_Task to complete:_
Please output the listing exactly as it stands, but omit any images.

_Stored data:_
Content starts

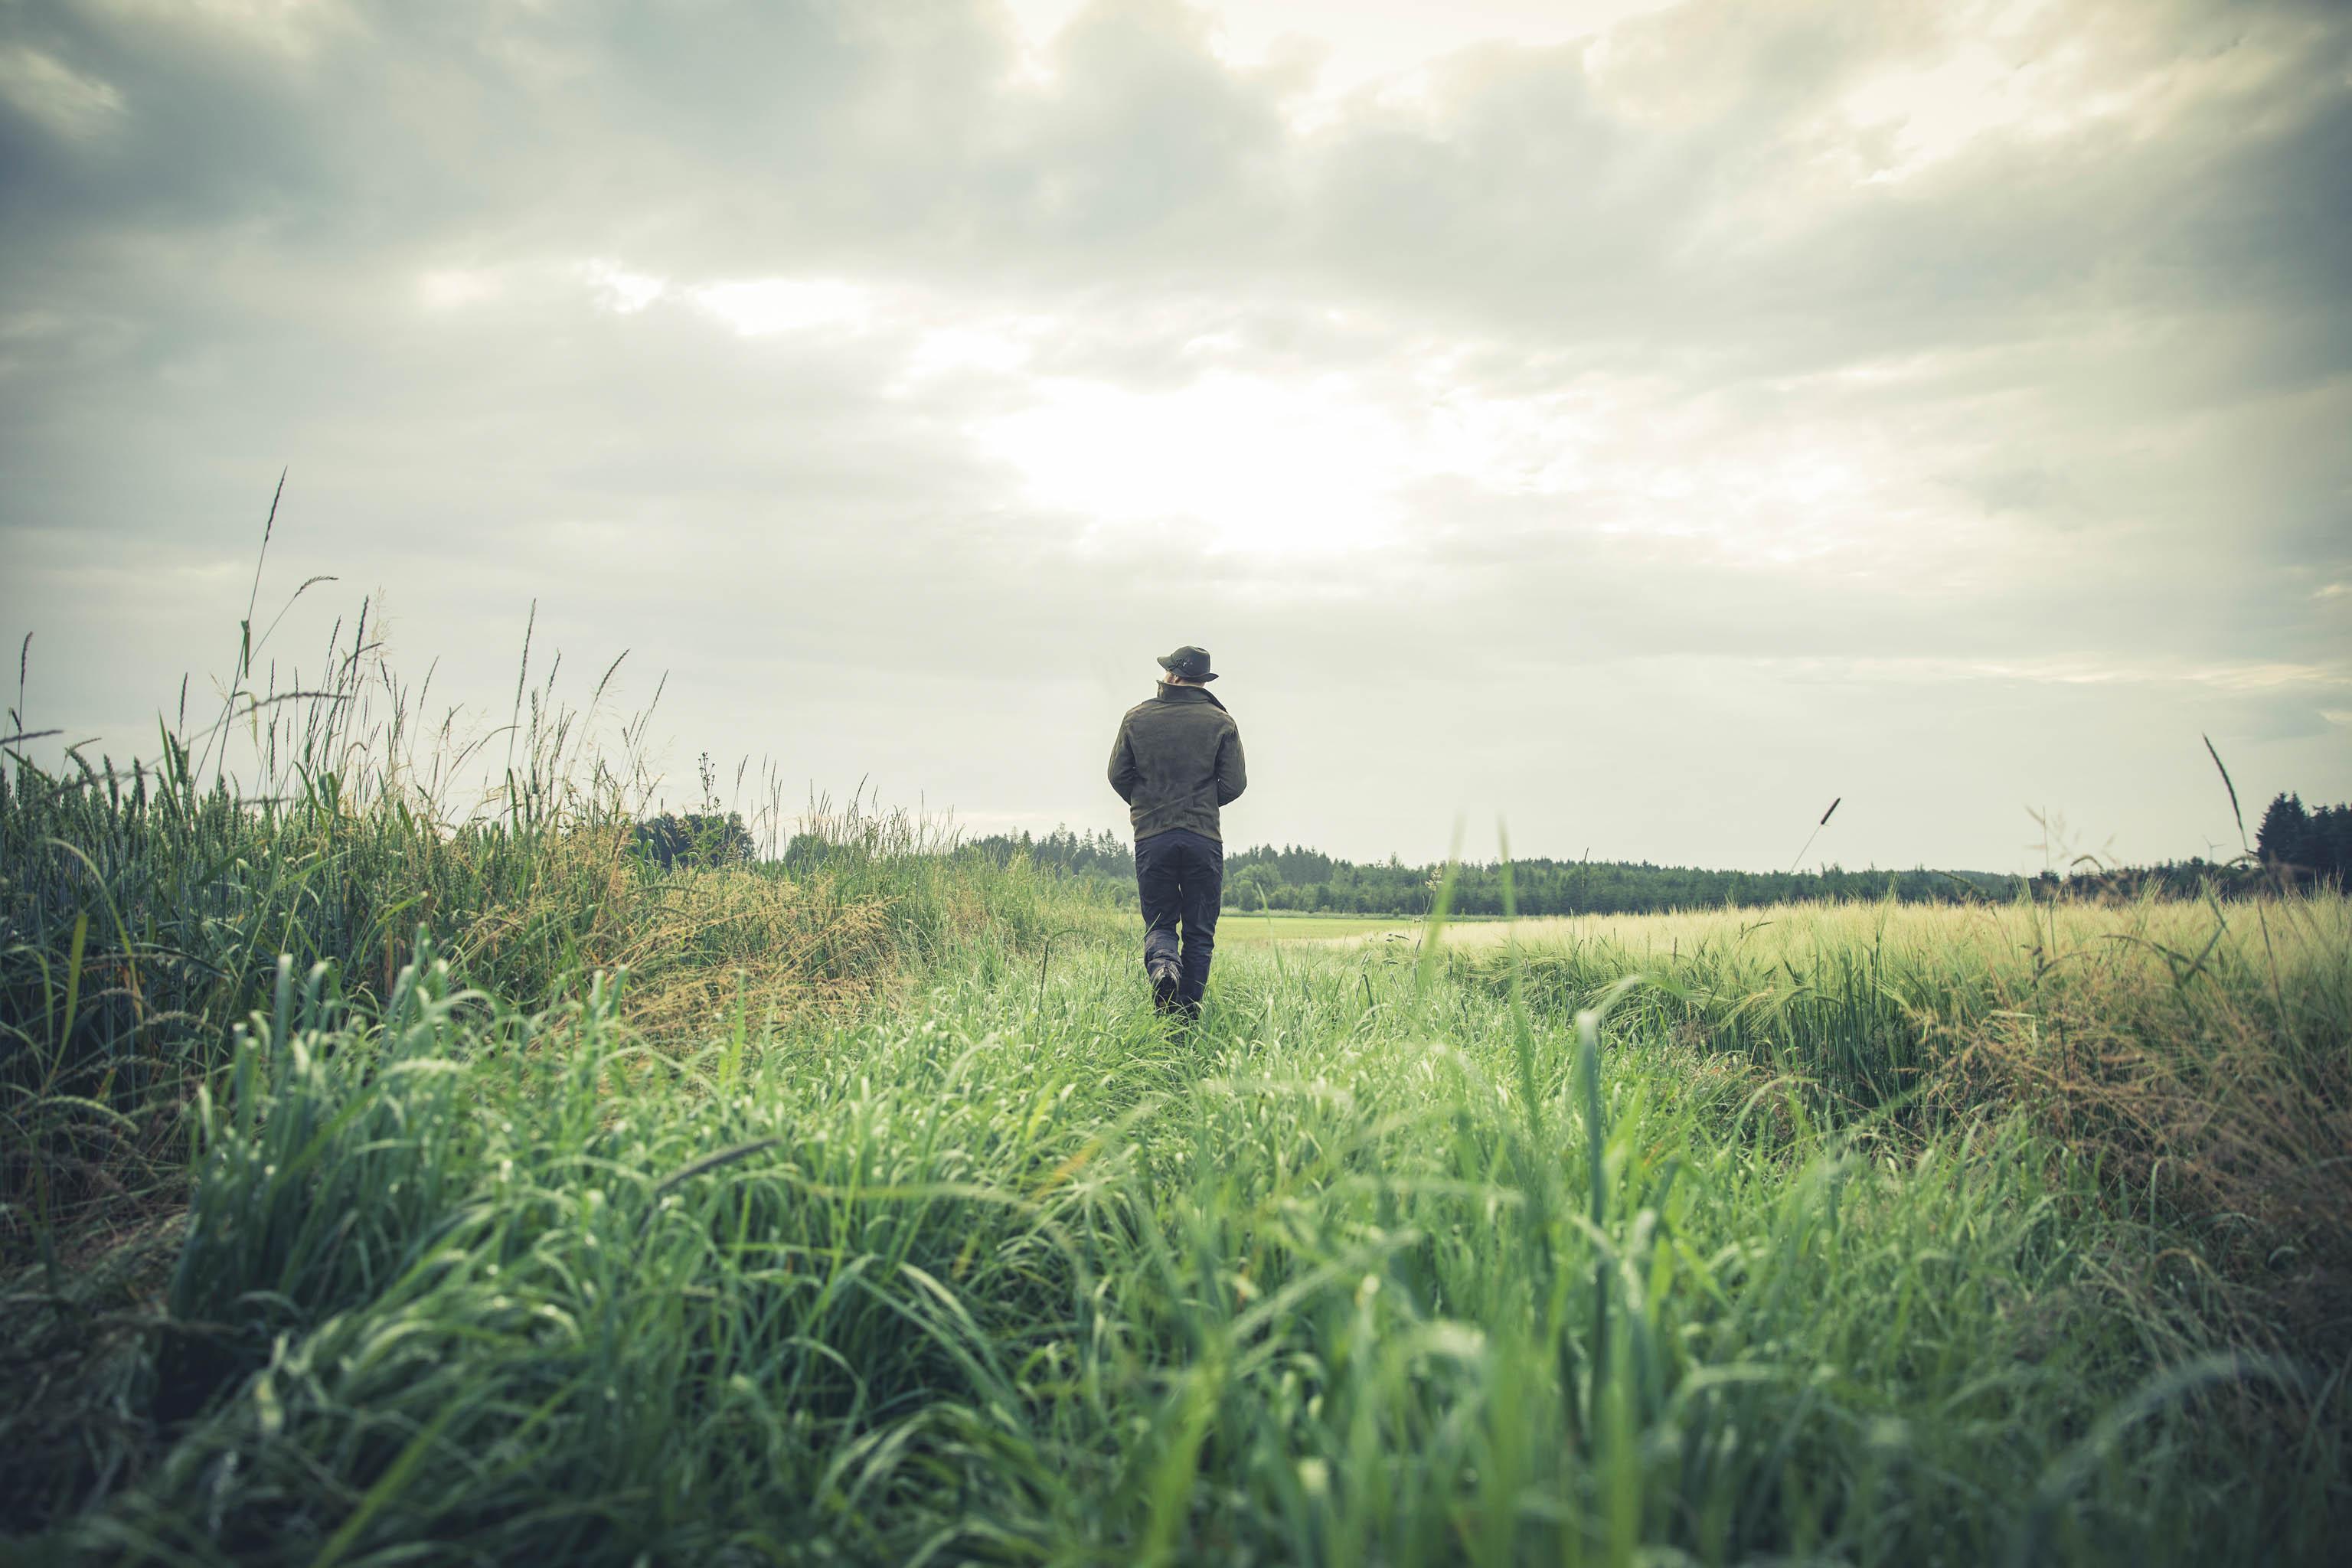 Wildlife photography stalking tips
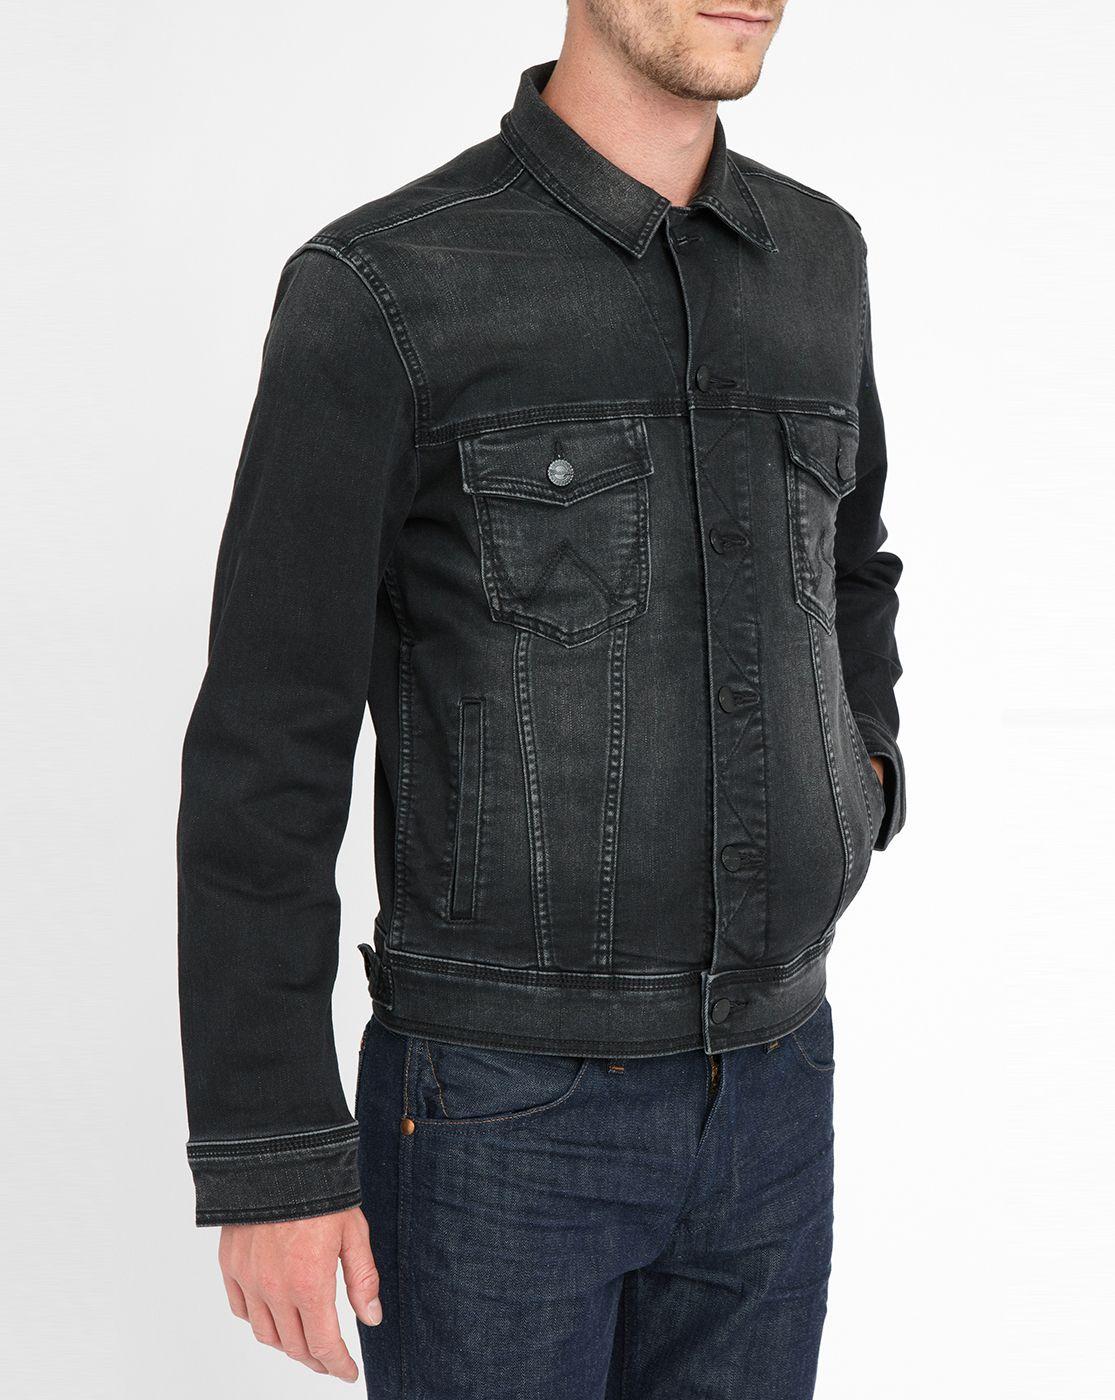 Black Faded Jean Jacket Denim jacket men, Jackets, Black
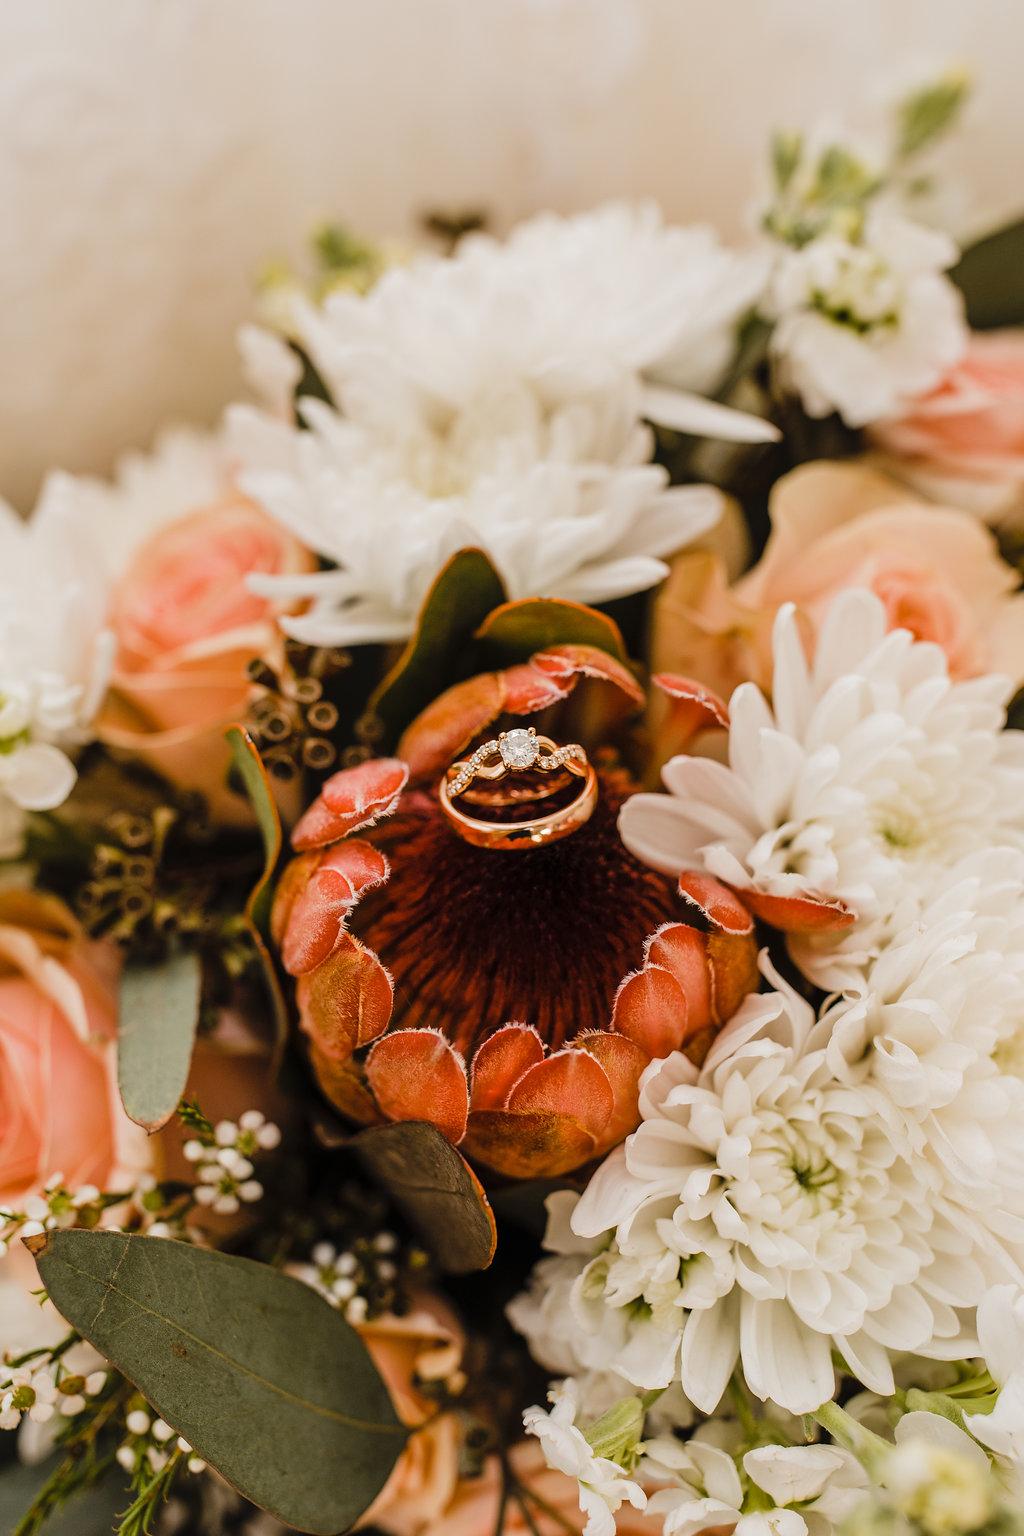 bouquet ring shot wedding day detail photography orange flowers rose gold

Content ends

_Answer to this exercise:_
 Wildlife photography stalking tips
 Black Faded Jean Jacket Denim jacket men, Jackets, Black
 bouquet ring shot wedding day detail photography orange flowers rose gold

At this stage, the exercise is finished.